Only the lines from the one containing "Title: Einführung in" through the one containing "Vitra Design Museum Di" should be printed, exactly as they appear below, with both ends included.

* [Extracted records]

================================

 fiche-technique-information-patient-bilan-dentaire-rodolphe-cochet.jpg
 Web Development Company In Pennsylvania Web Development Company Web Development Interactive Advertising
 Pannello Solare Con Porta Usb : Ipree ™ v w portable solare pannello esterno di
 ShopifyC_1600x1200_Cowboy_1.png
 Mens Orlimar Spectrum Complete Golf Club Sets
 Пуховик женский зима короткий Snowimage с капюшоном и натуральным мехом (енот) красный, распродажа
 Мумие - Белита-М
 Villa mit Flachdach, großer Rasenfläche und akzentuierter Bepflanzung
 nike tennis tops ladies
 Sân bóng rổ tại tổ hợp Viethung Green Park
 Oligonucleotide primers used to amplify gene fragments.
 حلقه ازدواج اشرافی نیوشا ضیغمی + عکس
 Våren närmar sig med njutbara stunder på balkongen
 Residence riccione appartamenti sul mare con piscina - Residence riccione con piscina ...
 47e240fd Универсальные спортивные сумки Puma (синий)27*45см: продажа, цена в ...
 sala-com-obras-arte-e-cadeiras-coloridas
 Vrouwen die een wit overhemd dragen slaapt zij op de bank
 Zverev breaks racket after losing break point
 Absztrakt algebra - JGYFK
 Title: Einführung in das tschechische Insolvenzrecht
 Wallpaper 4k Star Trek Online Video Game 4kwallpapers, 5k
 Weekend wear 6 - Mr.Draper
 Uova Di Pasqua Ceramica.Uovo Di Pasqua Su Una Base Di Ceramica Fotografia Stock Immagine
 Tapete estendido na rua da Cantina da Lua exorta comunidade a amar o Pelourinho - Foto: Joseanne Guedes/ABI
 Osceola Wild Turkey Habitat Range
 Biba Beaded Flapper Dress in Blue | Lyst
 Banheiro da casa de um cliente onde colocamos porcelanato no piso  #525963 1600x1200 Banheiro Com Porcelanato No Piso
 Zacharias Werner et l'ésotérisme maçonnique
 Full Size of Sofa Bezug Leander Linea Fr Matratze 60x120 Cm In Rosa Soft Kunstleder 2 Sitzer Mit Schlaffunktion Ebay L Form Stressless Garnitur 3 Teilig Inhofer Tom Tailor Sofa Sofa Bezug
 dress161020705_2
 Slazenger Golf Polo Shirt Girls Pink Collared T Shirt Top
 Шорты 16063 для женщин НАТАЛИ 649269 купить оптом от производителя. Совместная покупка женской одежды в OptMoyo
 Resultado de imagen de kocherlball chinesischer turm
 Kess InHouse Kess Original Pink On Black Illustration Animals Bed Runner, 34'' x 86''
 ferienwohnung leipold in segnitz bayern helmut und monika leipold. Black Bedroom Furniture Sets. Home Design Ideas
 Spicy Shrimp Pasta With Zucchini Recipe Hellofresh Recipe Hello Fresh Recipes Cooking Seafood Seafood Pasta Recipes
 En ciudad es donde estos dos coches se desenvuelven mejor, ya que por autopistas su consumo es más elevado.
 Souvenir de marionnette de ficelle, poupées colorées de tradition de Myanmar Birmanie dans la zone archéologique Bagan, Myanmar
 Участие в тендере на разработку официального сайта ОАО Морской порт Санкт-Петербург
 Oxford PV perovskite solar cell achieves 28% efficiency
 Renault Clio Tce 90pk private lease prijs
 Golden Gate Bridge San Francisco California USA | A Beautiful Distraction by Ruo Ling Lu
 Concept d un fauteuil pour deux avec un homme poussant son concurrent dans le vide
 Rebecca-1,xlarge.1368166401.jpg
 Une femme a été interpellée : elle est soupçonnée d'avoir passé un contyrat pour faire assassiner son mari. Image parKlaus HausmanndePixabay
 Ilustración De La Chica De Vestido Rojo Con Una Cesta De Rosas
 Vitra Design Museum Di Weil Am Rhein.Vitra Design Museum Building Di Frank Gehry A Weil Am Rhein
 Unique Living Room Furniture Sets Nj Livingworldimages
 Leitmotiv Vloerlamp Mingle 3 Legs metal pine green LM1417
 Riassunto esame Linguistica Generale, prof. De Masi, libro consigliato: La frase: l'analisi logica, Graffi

================================

* [RESPONSE BOX]
 Title: Einführung in das tschechische Insolvenzrecht
 Wallpaper 4k Star Trek Online Video Game 4kwallpapers, 5k
 Weekend wear 6 - Mr.Draper
 Uova Di Pasqua Ceramica.Uovo Di Pasqua Su Una Base Di Ceramica Fotografia Stock Immagine
 Tapete estendido na rua da Cantina da Lua exorta comunidade a amar o Pelourinho - Foto: Joseanne Guedes/ABI
 Osceola Wild Turkey Habitat Range
 Biba Beaded Flapper Dress in Blue | Lyst
 Banheiro da casa de um cliente onde colocamos porcelanato no piso  #525963 1600x1200 Banheiro Com Porcelanato No Piso
 Zacharias Werner et l'ésotérisme maçonnique
 Full Size of Sofa Bezug Leander Linea Fr Matratze 60x120 Cm In Rosa Soft Kunstleder 2 Sitzer Mit Schlaffunktion Ebay L Form Stressless Garnitur 3 Teilig Inhofer Tom Tailor Sofa Sofa Bezug
 dress161020705_2
 Slazenger Golf Polo Shirt Girls Pink Collared T Shirt Top
 Шорты 16063 для женщин НАТАЛИ 649269 купить оптом от производителя. Совместная покупка женской одежды в OptMoyo
 Resultado de imagen de kocherlball chinesischer turm
 Kess InHouse Kess Original Pink On Black Illustration Animals Bed Runner, 34'' x 86''
 ferienwohnung leipold in segnitz bayern helmut und monika leipold. Black Bedroom Furniture Sets. Home Design Ideas
 Spicy Shrimp Pasta With Zucchini Recipe Hellofresh Recipe Hello Fresh Recipes Cooking Seafood Seafood Pasta Recipes
 En ciudad es donde estos dos coches se desenvuelven mejor, ya que por autopistas su consumo es más elevado.
 Souvenir de marionnette de ficelle, poupées colorées de tradition de Myanmar Birmanie dans la zone archéologique Bagan, Myanmar
 Участие в тендере на разработку официального сайта ОАО Морской порт Санкт-Петербург
 Oxford PV perovskite solar cell achieves 28% efficiency
 Renault Clio Tce 90pk private lease prijs
 Golden Gate Bridge San Francisco California USA | A Beautiful Distraction by Ruo Ling Lu
 Concept d un fauteuil pour deux avec un homme poussant son concurrent dans le vide
 Rebecca-1,xlarge.1368166401.jpg
 Une femme a été interpellée : elle est soupçonnée d'avoir passé un contyrat pour faire assassiner son mari. Image parKlaus HausmanndePixabay
 Ilustración De La Chica De Vestido Rojo Con Una Cesta De Rosas
 Vitra Design Museum Di Weil Am Rhein.Vitra Design Museum Building Di Frank Gehry A Weil Am Rhein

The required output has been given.